Zhu Ye, Wei Junxiu, Yang Xin, Zhu Wei
Department of Obstetrics and Gynecology, Peking University People's Hospital, Beijing, China.
Department of Reproductive Medicine, Affiliated Hospital of Hebei University, Baoding, China.
Front Pharmacol. 2025 Jan 28;16:1496393. doi: 10.3389/fphar.2025.1496393. eCollection 2025.
This study aimed to investigate the underlying mechanisms involved in the cardioprotective effects of dehydroepiandrosterone (DHEA) on endoplasmic reticulum stress (ERS) -mediated apoptosis in human vascular smooth muscle cells (HVSMCs) and human umbilical vein endothelial cells (HUVECs).
Various concentrations of Dithiothreitol (DTT) were used to induce ERS-mediated apoptosis. DHEA was utilized to inhibit the apoptotic effects of DTT, while estrogen receptor (ER) antagonists ICI 182,780 and G15, the androgen receptor (AR) antagonist flutamide and the aromatase inhibitor letrozole were used to identify the receptors activated during DHEA treatment in HVSMCs and HUVECs. Flow cytometry assessed the apoptotic rate, and Western blotting analysis evaluated the expression levels of ERS-related proteins GRP78 and PERK, and the apoptotic protein marker CHOP. Furthermore, the primary receptor signaling pathways were identified using signaling pathway blockers: LY294002 (PI3K blocker), SP600125 (JNK blocker), and U0126 (ERK1/2 blocker).

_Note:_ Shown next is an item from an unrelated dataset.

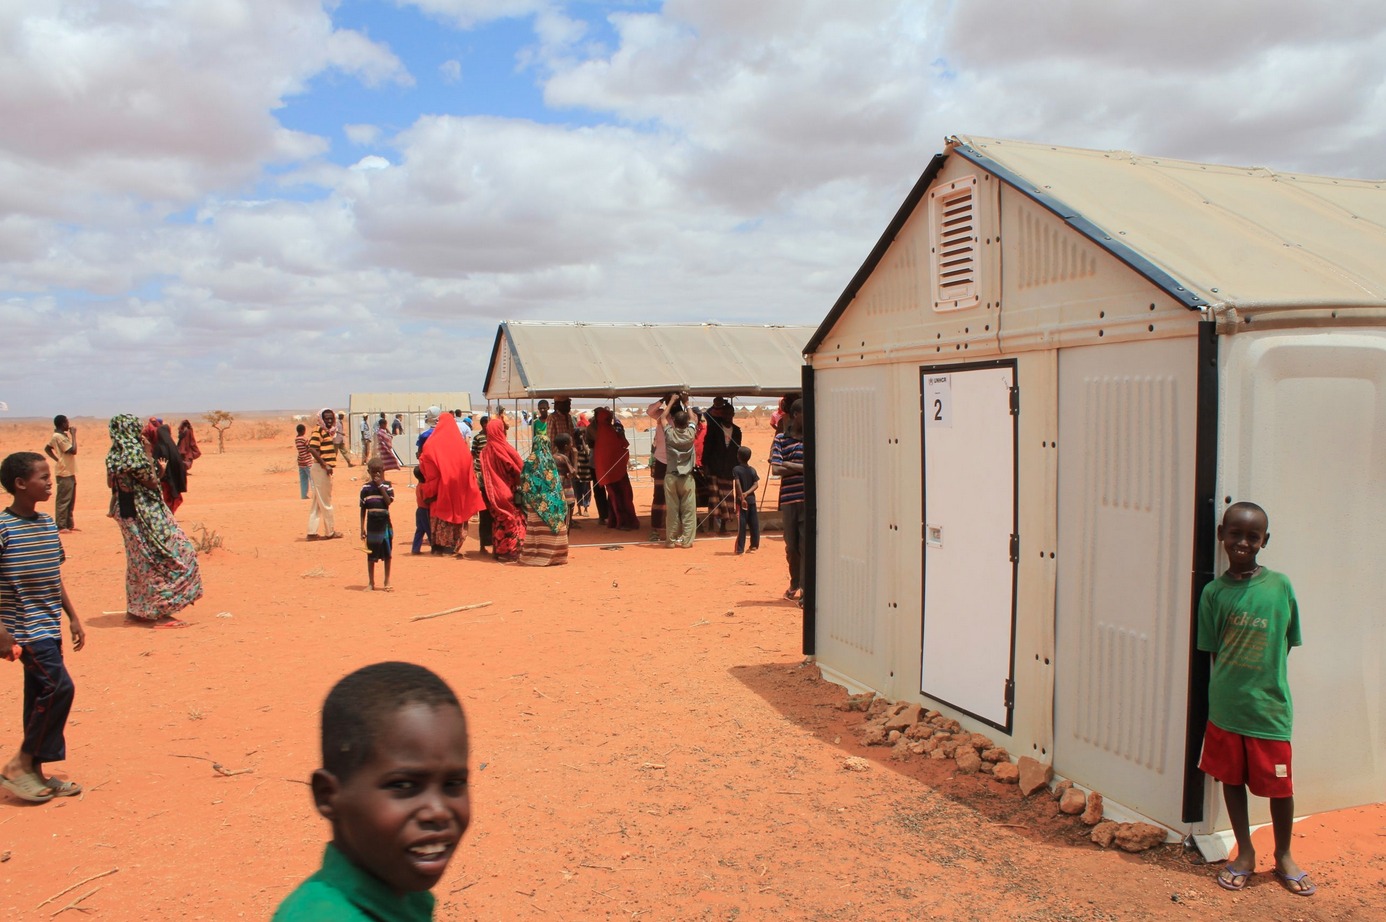 Unidade de Habitação para Refugiados é selecionada como finalista do World Design Impact Prize

In the DTT pretreatment group (0.8 mmol/L, for 8 h), the expressions of GRP78 and CHOP were significantly up regulated, indicating that an optimal ERS model was successfully established. Additionally, 10-4 mmol/L DHEA significantly inhibited the DTT-induced upregulation of GRP78 and CHOP. The results also demonstrated that the apoptotic rate in the DTT group was increased, while DHEA significantly reduced this rate. The addition of ER antagonists ICI 182,780 and G15 to HVSMCs reversed the effects of DHEA; however, the aromatase inhibitor letrozole and the AR antagonist flutamide did not reverse this effect. Notably, the use of the JNK inhibitor SP600125, the PI3K inhibitor LY294002, and the ERK1/2 inhibitor U0126 antagonized the protective effects of DHEA, with SP600125 showing the most significant impact on both HVSMCs and HUVECs.
Our study has identified a novel mechanism underlying the cardioprotective effects of DHEA. Specifically, DHEA may mitigate ERS-induced cell apoptosis by activating estrogen receptors ERα, ERβ, and GPER via the activated JNK pathway.
本研究旨在探讨脱氢表雄酮(DHEA)对人血管平滑肌细胞(HVSMCs)和人脐静脉内皮细胞(HUVECs)内质网应激(ERS)介导的凋亡产生心脏保护作用的潜在机制。
使用不同浓度的二硫苏糖醇(DTT)诱导ERS介导的凋亡。利用DHEA抑制DTT的凋亡作用,同时使用雌激素受体(ER)拮抗剂ICI 182,780和G15、雄激素受体(AR)拮抗剂氟他胺以及芳香化酶抑制剂来曲唑,以确定HVSMCs和HUVECs在DHEA处理过程中激活的受体。流式细胞术评估凋亡率,蛋白质免疫印迹分析评估ERS相关蛋白GRP78和PERK以及凋亡蛋白标志物CHOP的表达水平。此外,使用信号通路阻滞剂LY294002(PI3K阻滞剂)、SP600125(JNK阻滞剂)和U0126(ERK1/2阻滞剂)确定主要受体信号通路。
在DTT预处理组(0.8 mmol/L,处理8小时)中,GRP78和CHOP的表达显著上调,表明成功建立了最佳的ERS模型。此外,10-4 mmol/L DHEA显著抑制了DTT诱导的GRP78和CHOP上调。结果还表明,DTT组的凋亡率增加,而DHEA显著降低了该比率。向HVSMCs中添加ER拮抗剂ICI 182,780和G15可逆转DHEA的作用;然而,芳香化酶抑制剂来曲唑和AR拮抗剂氟他胺并未逆转此作用。值得注意的是,使用JNK抑制剂SP600125、PI3K抑制剂LY294002和ERK1/2抑制剂U0126可拮抗DHEA的保护作用,其中SP600125对HVSMCs和HUVECs的影响最为显著。
我们的研究确定了DHEA心脏保护作用的一种新机制。具体而言,DHEA可能通过激活JNK途径激活雌激素受体ERα、ERβ和GPER,从而减轻ERS诱导的细胞凋亡。